And in bed, last night, I invented a way to play it indoors—in a far more voluminous way, as to multiplicity of dates and events—on a cribbage board.
Hello, supper’s ready.
Love
to all.
Good
bye.
Saml.
Onion Clemens would naturally get excited over the idea of the game and its commercial possibilities. Not more so than his brother, however, who presently employed him to arrange a quantity of historical data which the game was to teach. For a season, indeed, interest in the game became a sort of midsummer madness which pervaded the two households, at Keokuk and at Quarry Farm. Howells wrote his approval of the idea of “learning history by the running foot,” which was a pun, even if unintentional, for in its out-door form it was a game of speed as well as knowledge.
Howells adds that he has noticed
that the newspapers are exploiting
Mark Twain’s new invention of a history
game, and we shall presently
see how this happened.
Also, in this letter, Howells speaks of an English nobleman to whom he has given a letter of introduction. “He seemed a simple, quiet, gentlemanly man, with a good taste in literature, which he evinced by going about with my books in his pockets, and talking of yours.”
To W. D. Howells, in Boston:
My dear Howells,—How odd it seems, to sit down to write a letter with the feeling that you’ve got time to do it. But I’m done work, for this season, and so have got time. I’ve done two seasons’ work in one, and haven’t anything left to do, now, but revise. I’ve written eight or nine hundred Ms pages in such a brief space of time that I mustn’t name the number of days; I shouldn’t believe it myself, and of course couldn’t expect you to. I used to restrict myself to 4 or 5 hours a day and 5 days in the week, but this time I’ve wrought from breakfast till 5.15 p.m. six days in the week; and once or twice I smouched a Sunday when the boss wasn’t looking. Nothing is half so good as literature hooked on Sunday, on the sly.

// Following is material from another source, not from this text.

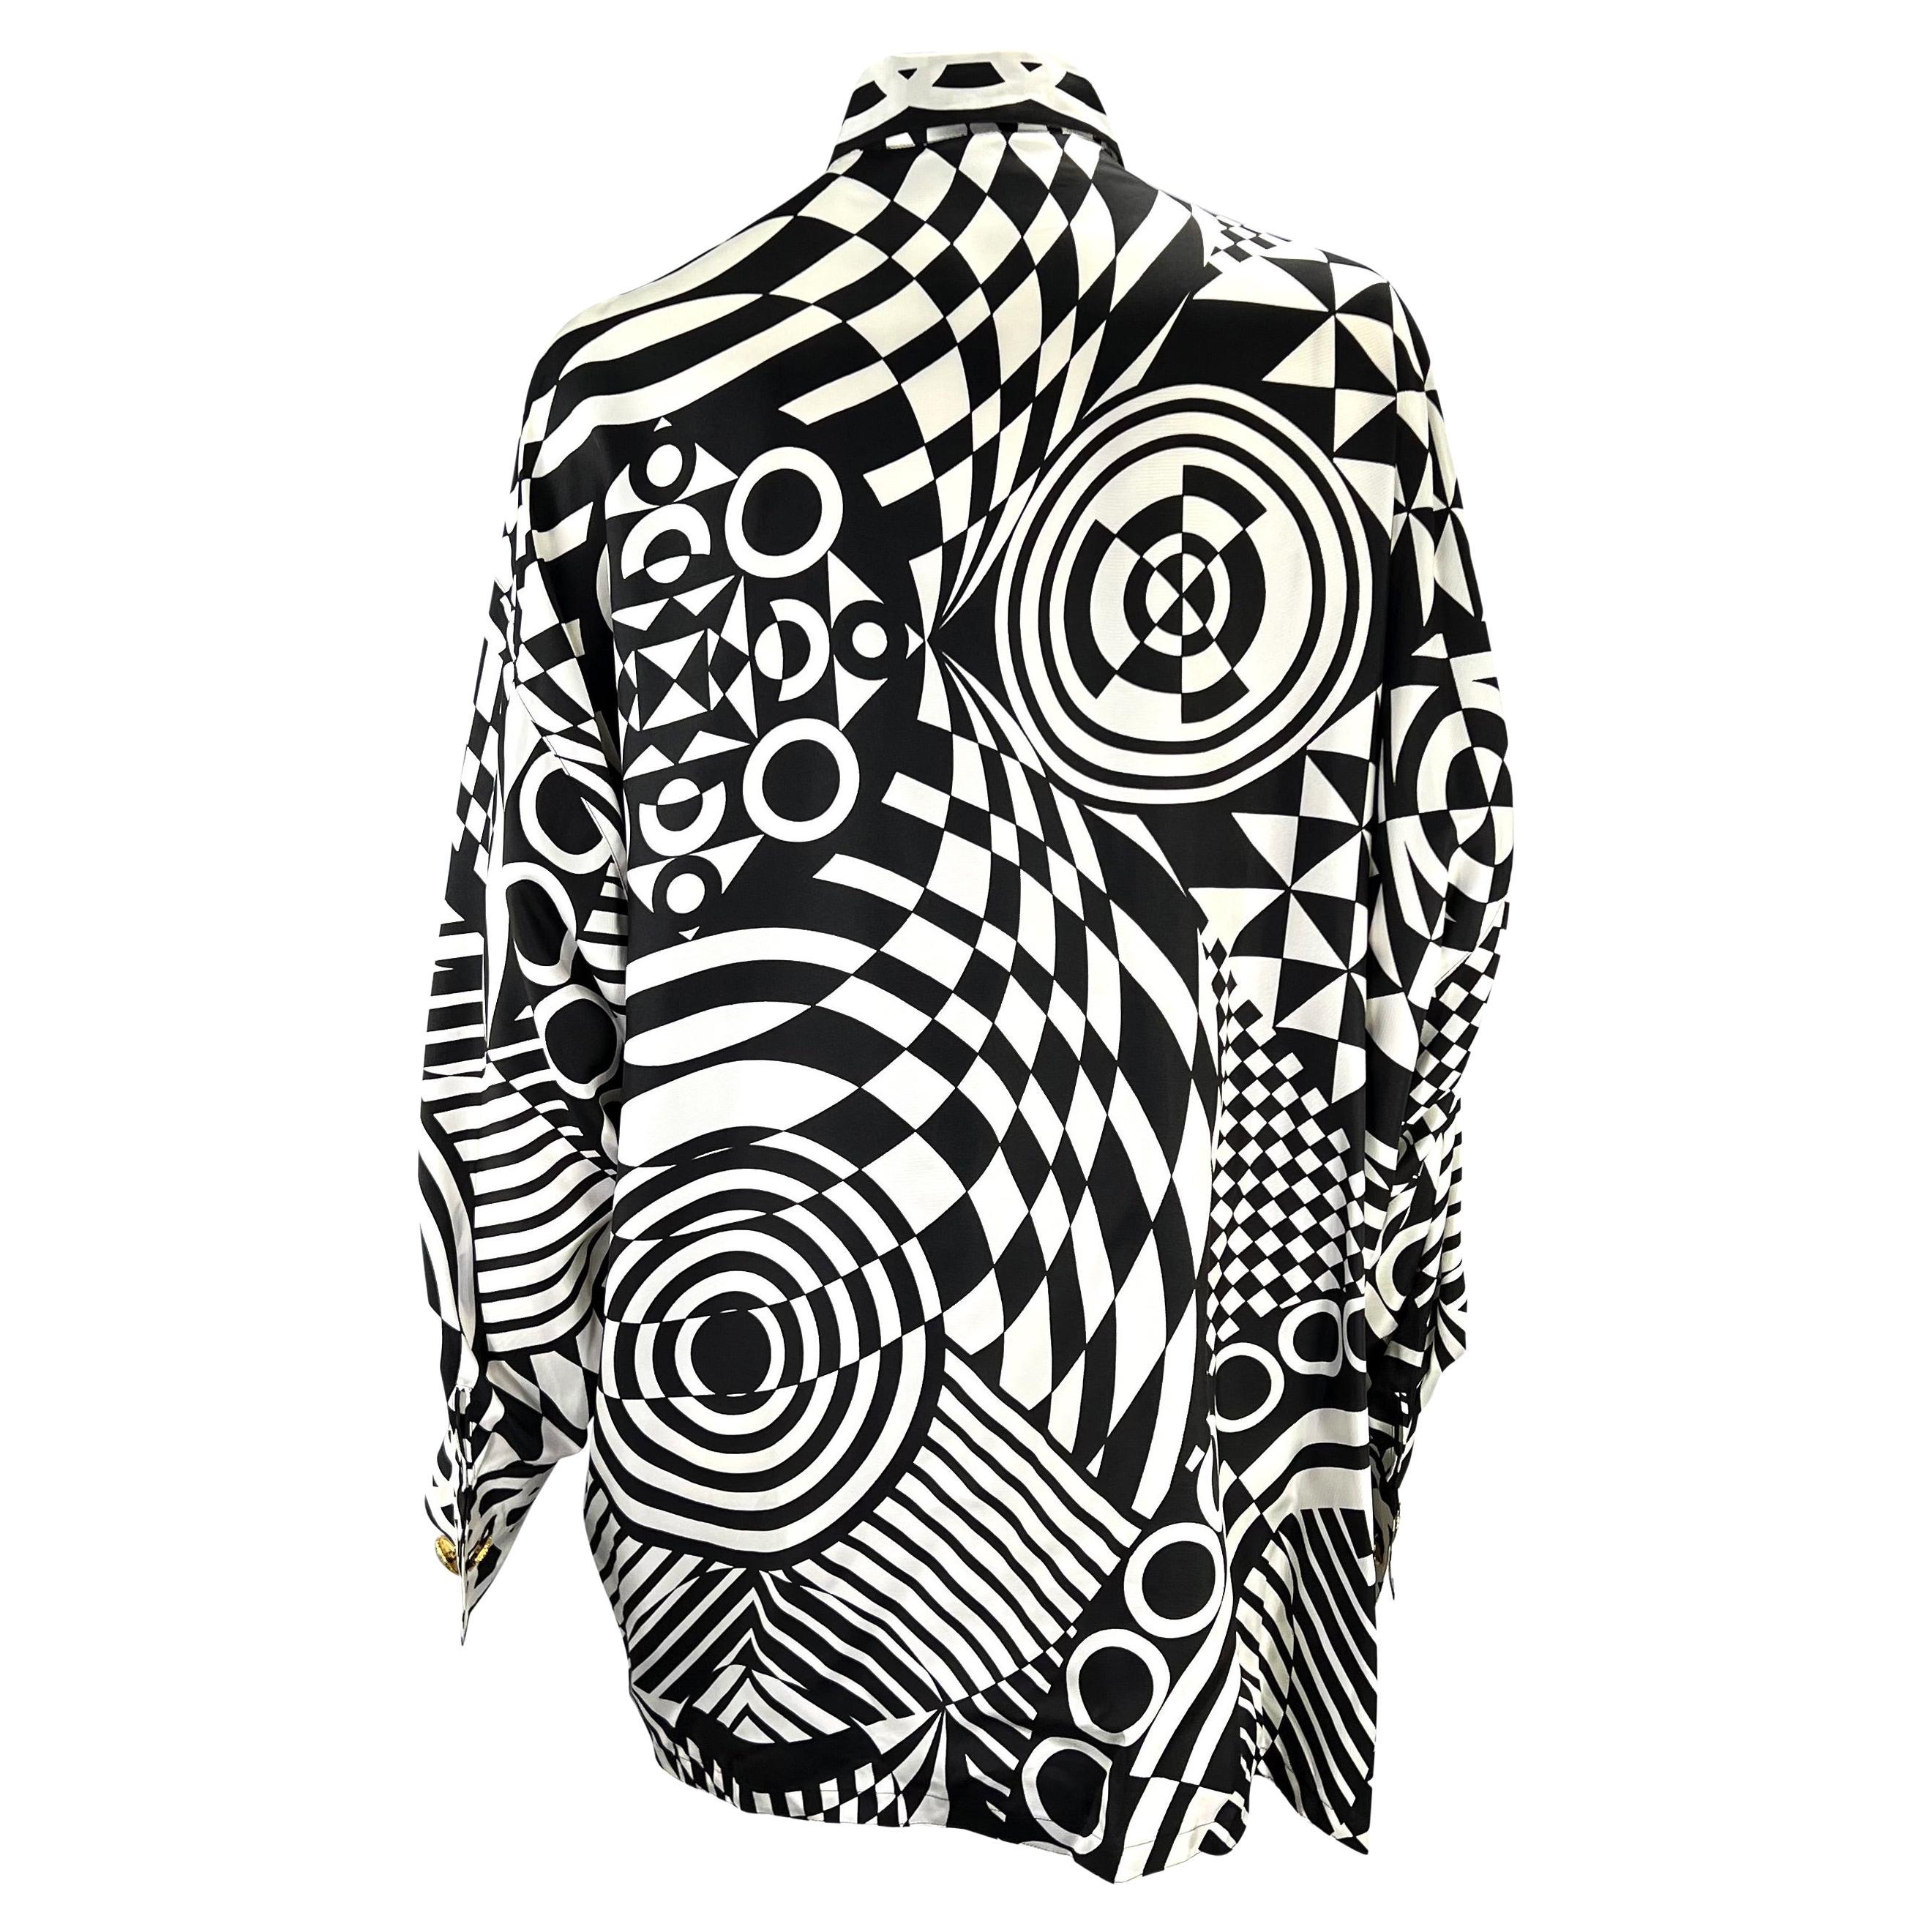 S/S 1992 Gianni Versace Couture Silk Black & White Geometric Print Button Down For Sale 1

I wrote you and Twichell on the same night, about the game, and was appalled to get a note from him saying he was going to print part of my letter, and was going to do it before I could get a chance to forbid it. I telegraphed him, but was of course too late.
If you haven’t ever tried to invent an indoor historical game, don’t. I’ve got the thing at last so it will work, I guess, but I don’t want any more tasks of that kind. When I wrote you, I thought I had it; whereas I was only merely entering upon the initiatory difficulties of it. I might have known it wouldn’t be an easy job, or somebody would have invented a decent historical game long ago—a thing which nobody had done. I think I’ve got it in pretty fair shape—so I have caveated it.
Earl of Onston—is that it? All right, we shall be very glad to receive them and get acquainted with them. And much obliged to you, too. There’s plenty of worse people than the nobilities. I went up and spent a week with the Marquis and the Princess Louise, and had as good a time as I want.